◆ Work to be completed:
Copying rule for the data below: pictures stay out, and only the lines from the one with "110V 1600W Handheld" down to the one with "Personal trainer en", inclusive, are repeated exactly.

Dataset entries: Begin

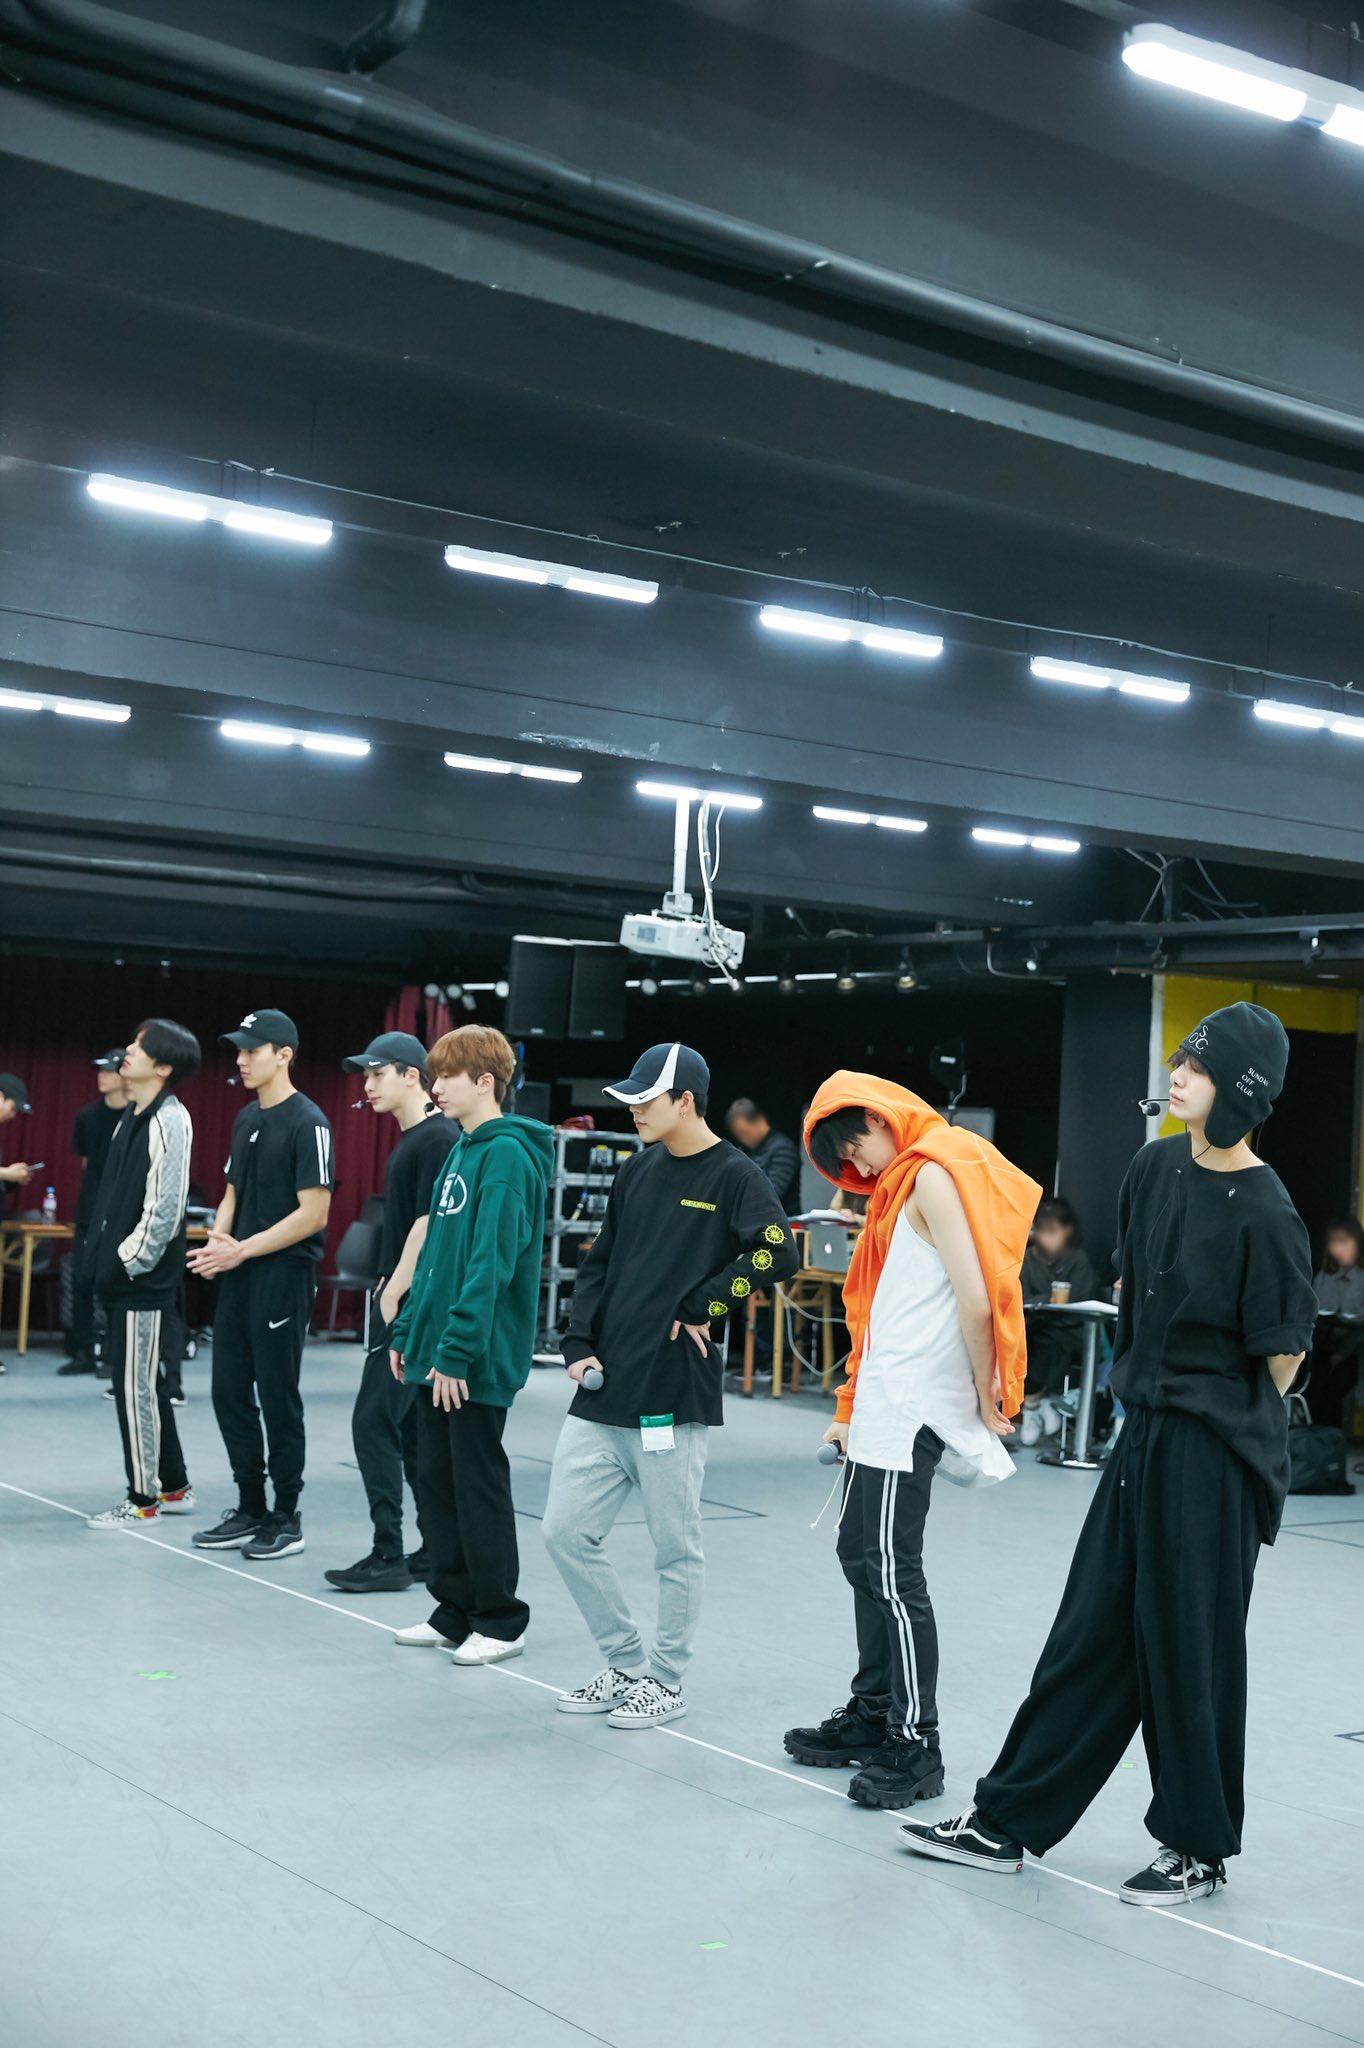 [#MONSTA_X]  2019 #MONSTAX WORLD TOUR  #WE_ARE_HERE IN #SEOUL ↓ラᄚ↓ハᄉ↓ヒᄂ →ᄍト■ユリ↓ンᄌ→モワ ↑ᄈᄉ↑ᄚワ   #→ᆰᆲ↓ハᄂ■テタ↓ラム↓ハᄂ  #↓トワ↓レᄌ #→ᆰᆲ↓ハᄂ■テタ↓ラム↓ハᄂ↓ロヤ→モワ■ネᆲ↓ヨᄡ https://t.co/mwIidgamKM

Dataset entries: End
Dataset entries: Begin

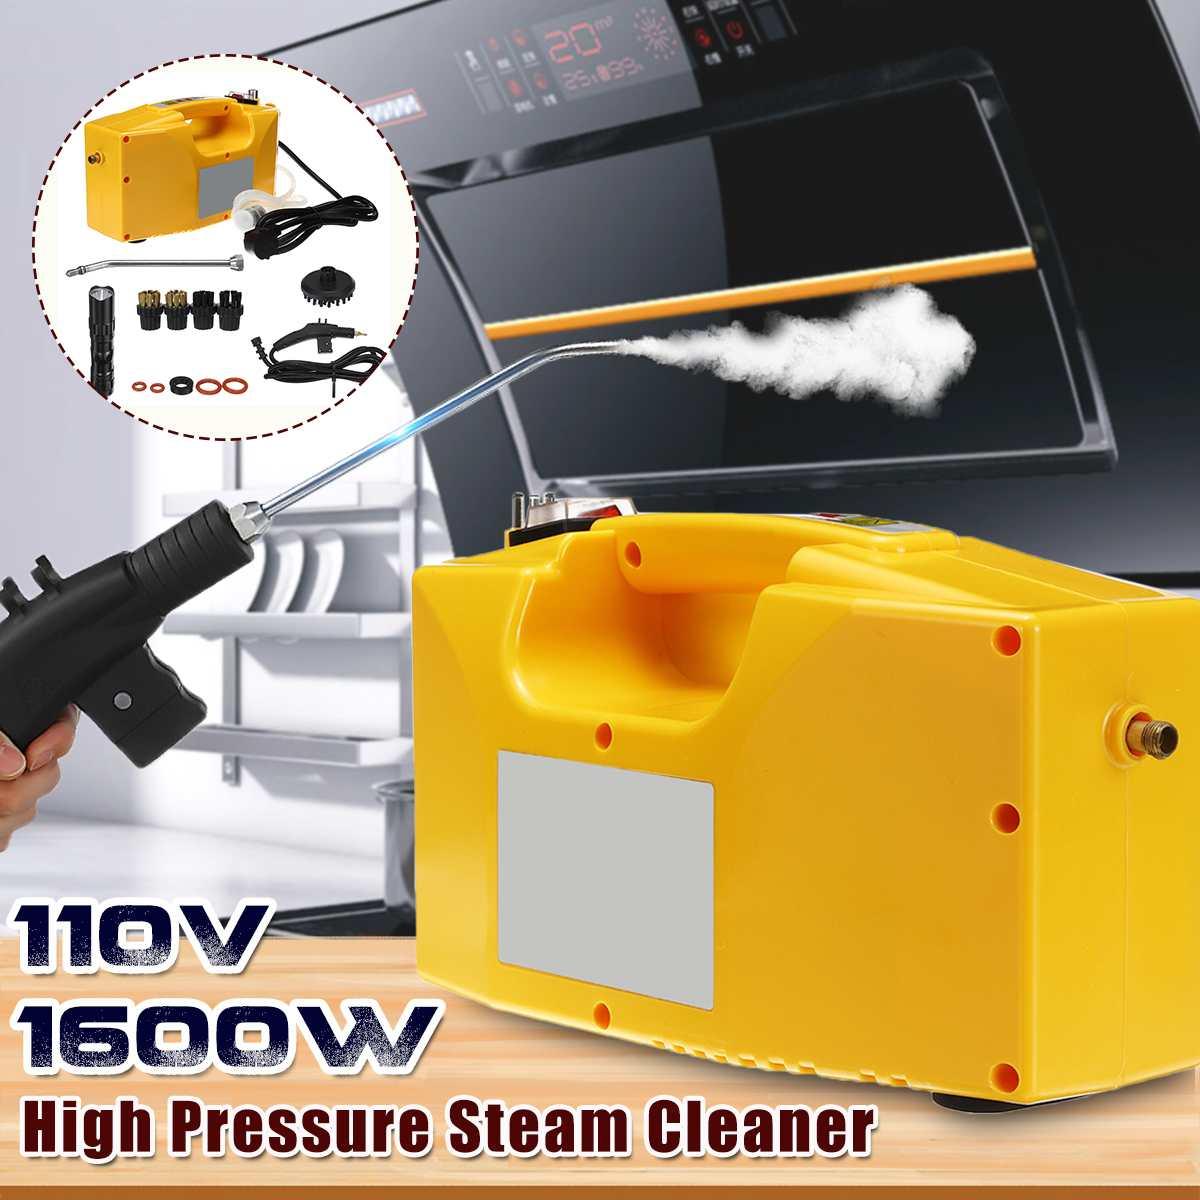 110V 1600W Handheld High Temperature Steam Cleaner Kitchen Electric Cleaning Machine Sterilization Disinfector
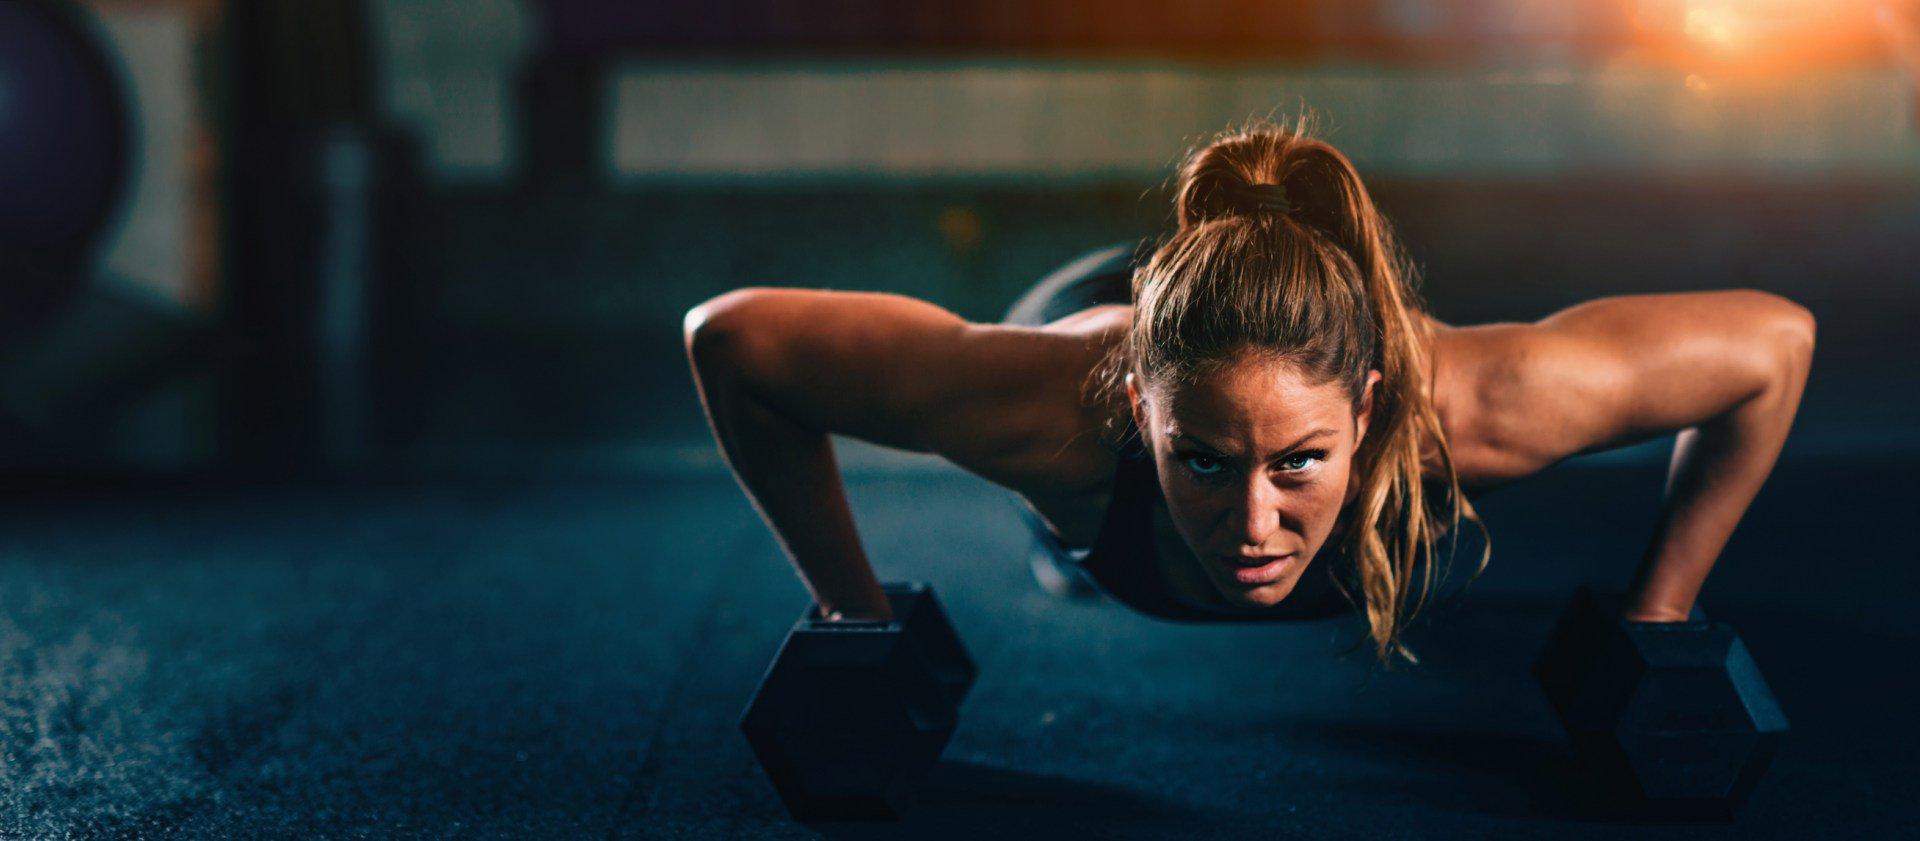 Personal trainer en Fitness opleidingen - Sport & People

Dataset entries: End

◆ Expected answer:
 110V 1600W Handheld High Temperature Steam Cleaner Kitchen Electric Cleaning Machine Sterilization Disinfector
 Personal trainer en Fitness opleidingen - Sport & People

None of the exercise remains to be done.